What gives here? Well there are two versions. First, the one presented by most media:
Racial prejudice lay at the root of the parents’ desire for a separate school for their children and their refusal to abide by the court ruling. The large number of supporters who turned out on their behalf reflected a general haredi Ashkenazic disdain for the “segregation” of Sephardim.
Version two:
The jailed parents sought only to preserve the religious standards the Emmanuel school had maintained for many years. Changing demographics over the years in Emmanuel brought an influx of families with less stringent standards of Jewish observance, dress and insularity (including things like use of the internet and personal messaging, which are shunned by many haredim for religious reasons) than the original residents of the town. Some of the long-time residents with school-age children saw a need for two different educational institutions to service Emmanuel’s girls. That most of the new families happened to be of Sephardi heritage played no role at all in that decision.
The first version was endorsed by Israel’s High Court, which pronounced that the new school evidenced prejudice and ordered the parents who had founded it to return their children to the Emmanuel Beit Yaakov.
Those parents, however, insisted, and insist, that the court finding was wrong, that their choice was a matter of religious conscience. They refused to be coerced to send their children to a school of the court’s choice and readily went to jail for their civil disobedience. The larger haredi community, wary of the High Court in the best of circumstances and seeing it as having ignored clear facts in this case, rallied to the parents’ side.

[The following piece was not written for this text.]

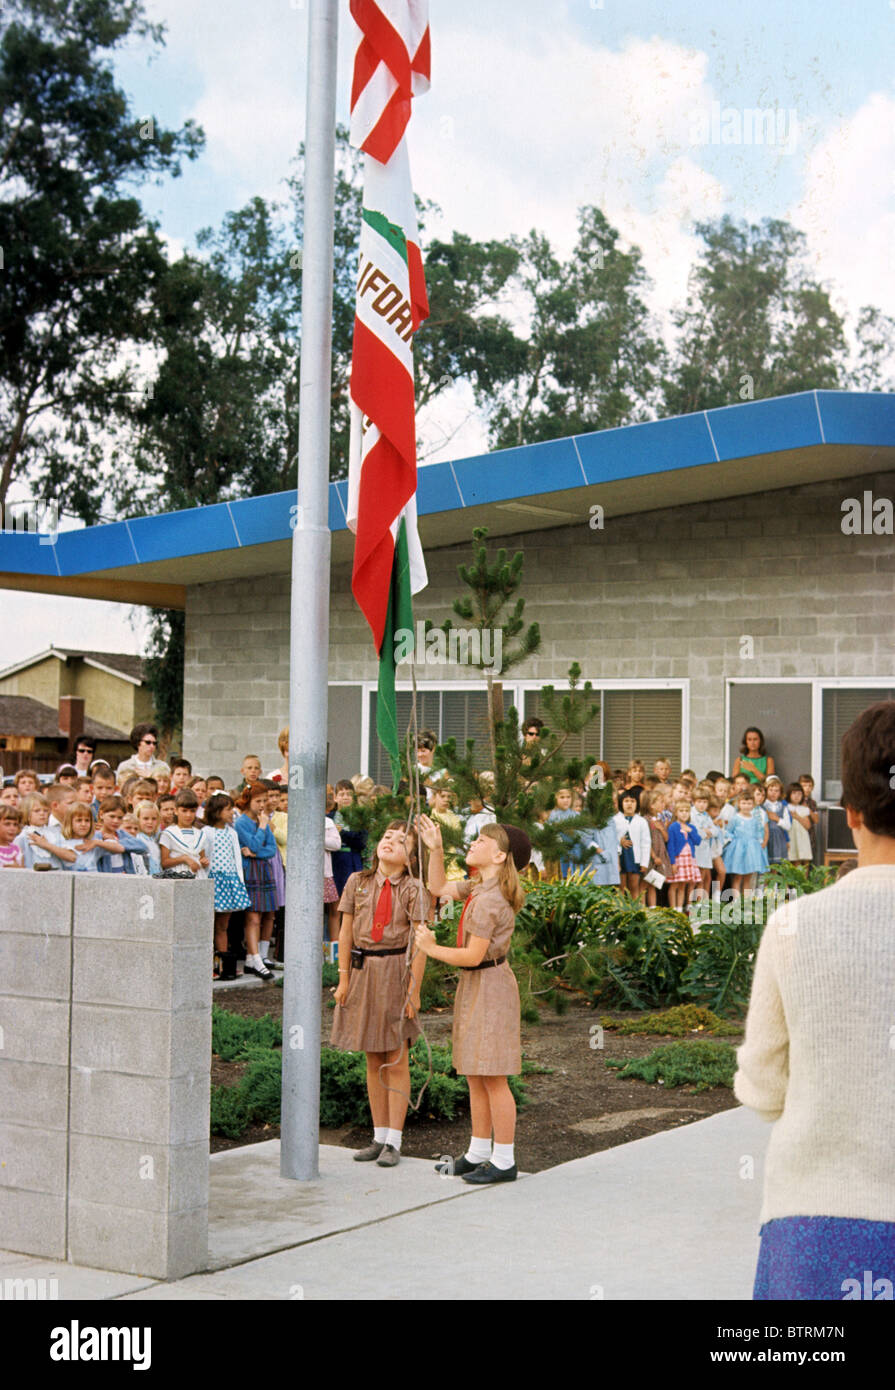 Brownie girl scout sensibiliser l'école étudiants pôle drapeau pays Amérique USA Patriot nation salut allégeance honneur respect Banque D'Images

Which version reflects the truth?
There is no doubt that discrimination against Sephardim exists in Israeli society, and that it is pernicious and must be fought wherever it appears. The question about the Emmanuel issue, though, is whether such discrimination – or, rather, parents’ concerns for the tenor of their children’s educations – motivated the establishment of the new school.
Several simple facts, although oddly absent from most news reports, seem to point in one direction: More than a quarter of the girls who had been enrolled in the new school were… Sephardim. And there were Ashkenazi girls who remained in the original Beit Yaakov too. What is more, not one applicant to the new school was rejected. Any girl willing to abide by the school’s standards was welcomed, regardless of her ethnic background. The “segregation,” it seems, consisted of nothing more than two schools offering two different sets of religious standards.
The High Court emperor’s nakedness may have been most succinctly voiced by one of the parents who went to jail, as he was held aloft by the crowd and a reporter’s microphone put before him. “Are you a Sephardi?” asked the off-camera voice, its owner having apparently noticed the man’s complexion.
“Yes,” he replied, “A Yemenite.” Then, with a wry smile at the absurdity of it all, he added “A Yemenite is being taken in [to prison] for racism. Ata meivin? [You understand?]”
And yet the headlines blared on, using charged phrases like “ethnic prejudice” and “segregation,” and portraying the jailed parents and their supporters as seeking to discriminate against Sephardim, invoking, as did the court, American blacks’ struggle for civil rights in the 1950s.
They got it perfectly backward. The haredi parents and marchers were championing their rights as parents to educate their children as they wish. They, if anyone, are the Martin Luther Kings here. The court, sad to say, assumed the Bull Connor role.